More Data, Less Power
Big computing providers are developing energy-saving strategies for new server farms.
When it came time for Hewlett-Packard to decide on a location for its new data center, the company could have considered variables like network connectivity, local talent, or proximity to corporate headquarters. Instead, a 100-year weather report convinced HP to build its new 360,000-square-foot facility in breezy Billingham, England.
“You get a lot of cool and moist winds coming over the northeast coast of Britain,” says Ian Brooks, HP’s European head of sustainable computing. By harnessing these winds with massive fans, Brooks says, HP has created a system that uses 40 percent less energy than conventional methods of keeping data centers cool.
HP isn’t the only company taking its cues from nature when it comes to the design and construction of data centers, clusters of server computers that run Internet services and store and crunch data. These facilities have been the smokestacks of the digital era because they use so much electricity: not only does it take a lot of power to run the machines themselves, but data centers are heavily air conditioned because servers generate a lot of heat and don’t run well in environments much warmer than 25 ºC. As demand for online services skyrockets, the EPA predicts, U.S. data centers could nearly double their 2006 levels of energy consumption by 2011, reaching 100 billion kilowatt-hours per year—enough to power 10 million homes. By 2020, data centers will account for 18 percent of the world’s carbon emissions, according to the Smart 2020 report released by the Climate Group, a nonprofit organization.
To reduce the environmental—and financial—burdens, more and more companies are trying innovative designs for data centers. For instance, at the HP center in Britain, known as Wynyard, fans more than two meters in diameter pull the North Sea winds into a mixing chamber, where they cool the warm air given off by the center’s servers. That air is funneled into a large cavity beneath the servers, directed through vents in the floor, and then circulated throughout a series of aisles to chill the computers. The resulting warm exhaust is extracted, mixed with the incoming fresh air, and recirculated.
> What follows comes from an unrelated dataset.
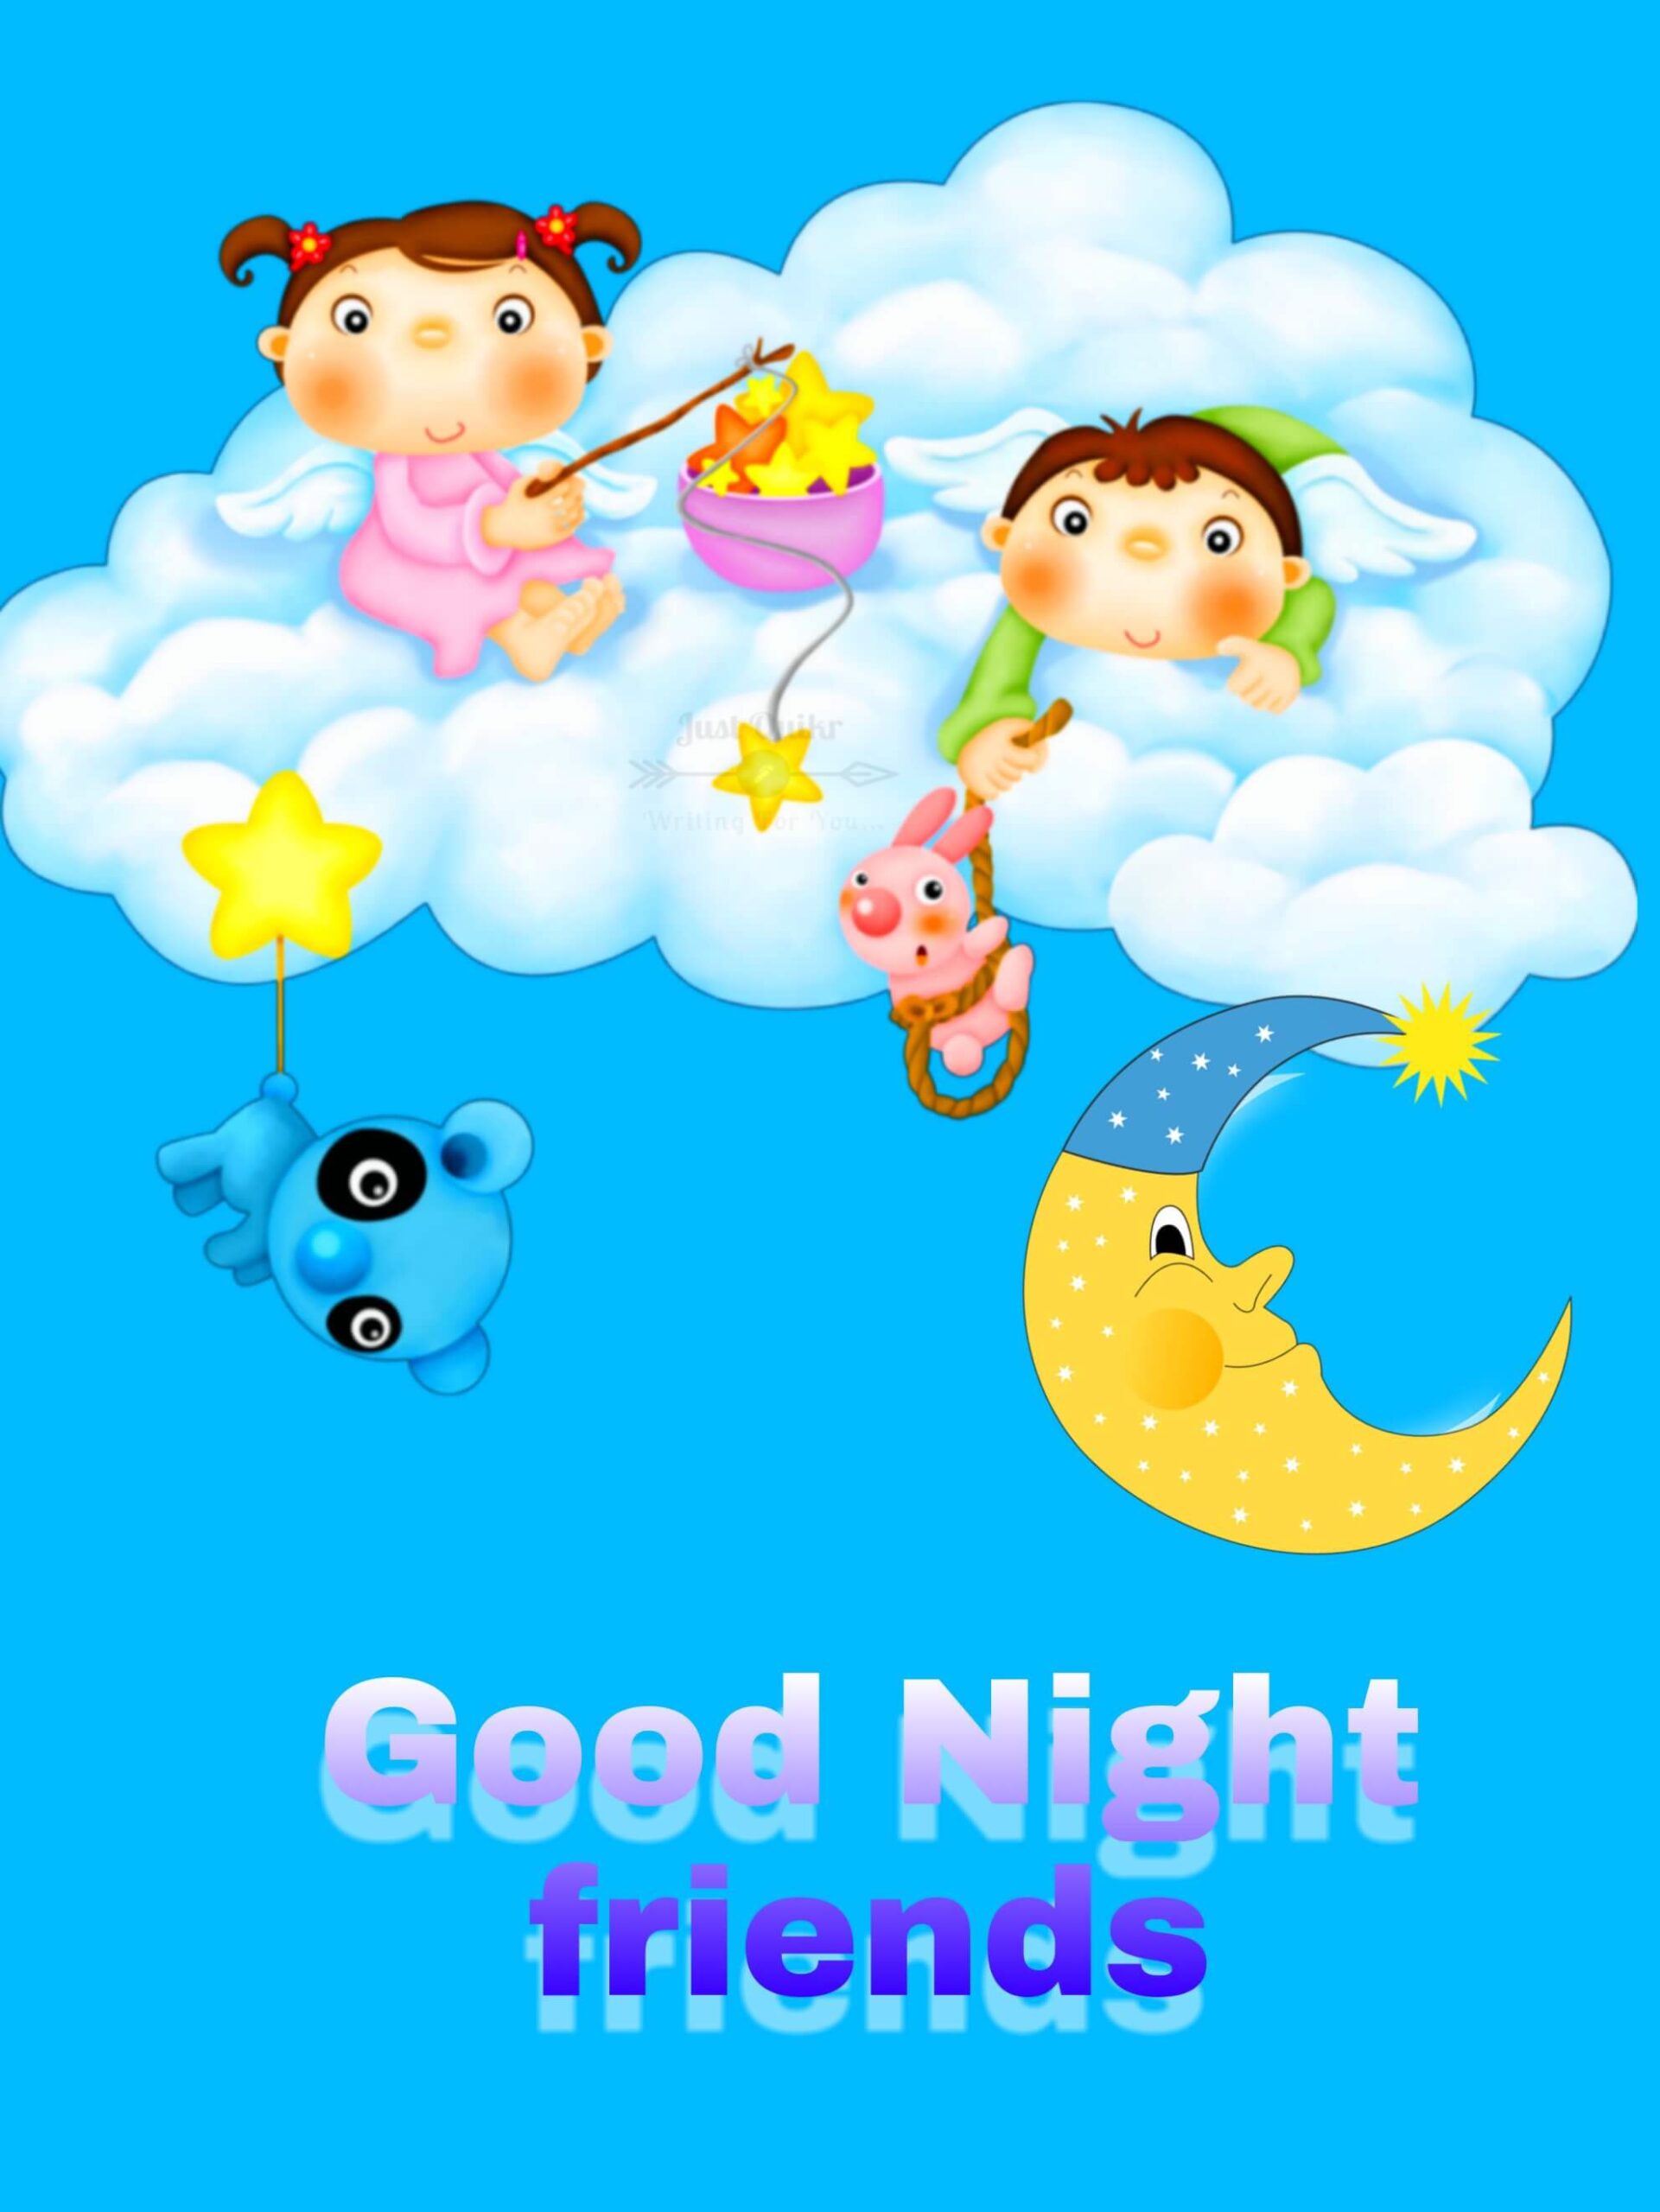 Good Night HD Pics Images For a Friend

By eliminating the need for energy-intensive cooling equipment, the Wynyard facility cuts 12,500 metric tons of carbon dioxide from the total generated by the industry-standard data center. That is the equivalent of taking nearly 3,000 midsize vehicles off the road.
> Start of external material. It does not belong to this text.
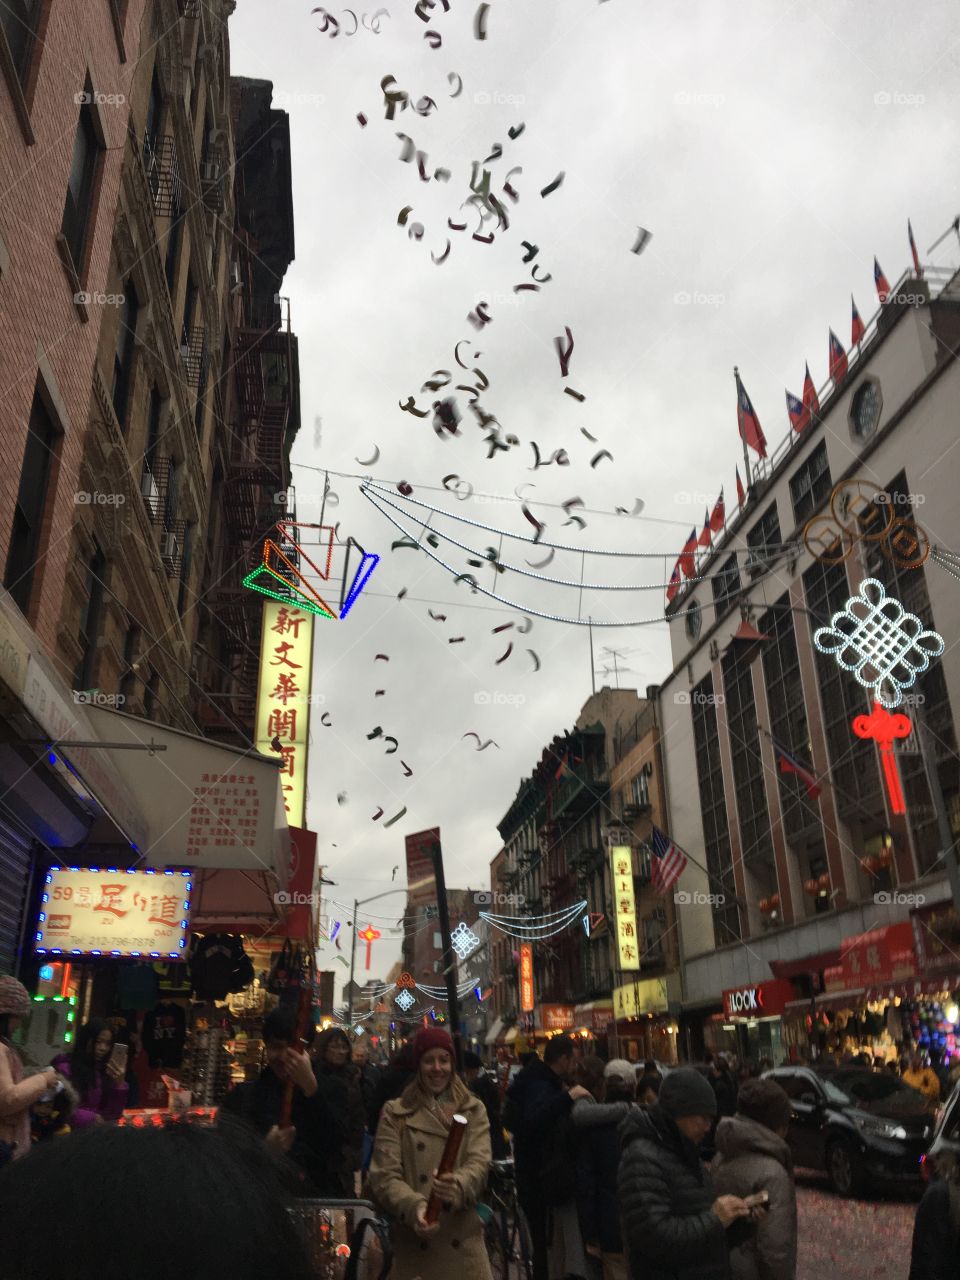 Chinese New Year in Chinatown; warm, colorful, festive

Another innovative data center is one that Yahoo opened in September 2010 in Lockport, New York. In this case, the inspiration came from chicken coops rather than coastal winds. “Chickens throw off a fair bit of heat; servers throw off a fair bit of heat,” says Christina Page, Yahoo’s director of climate and energy strategy. “So we built a long, tall, narrow building with a coop along the top to vent the air.”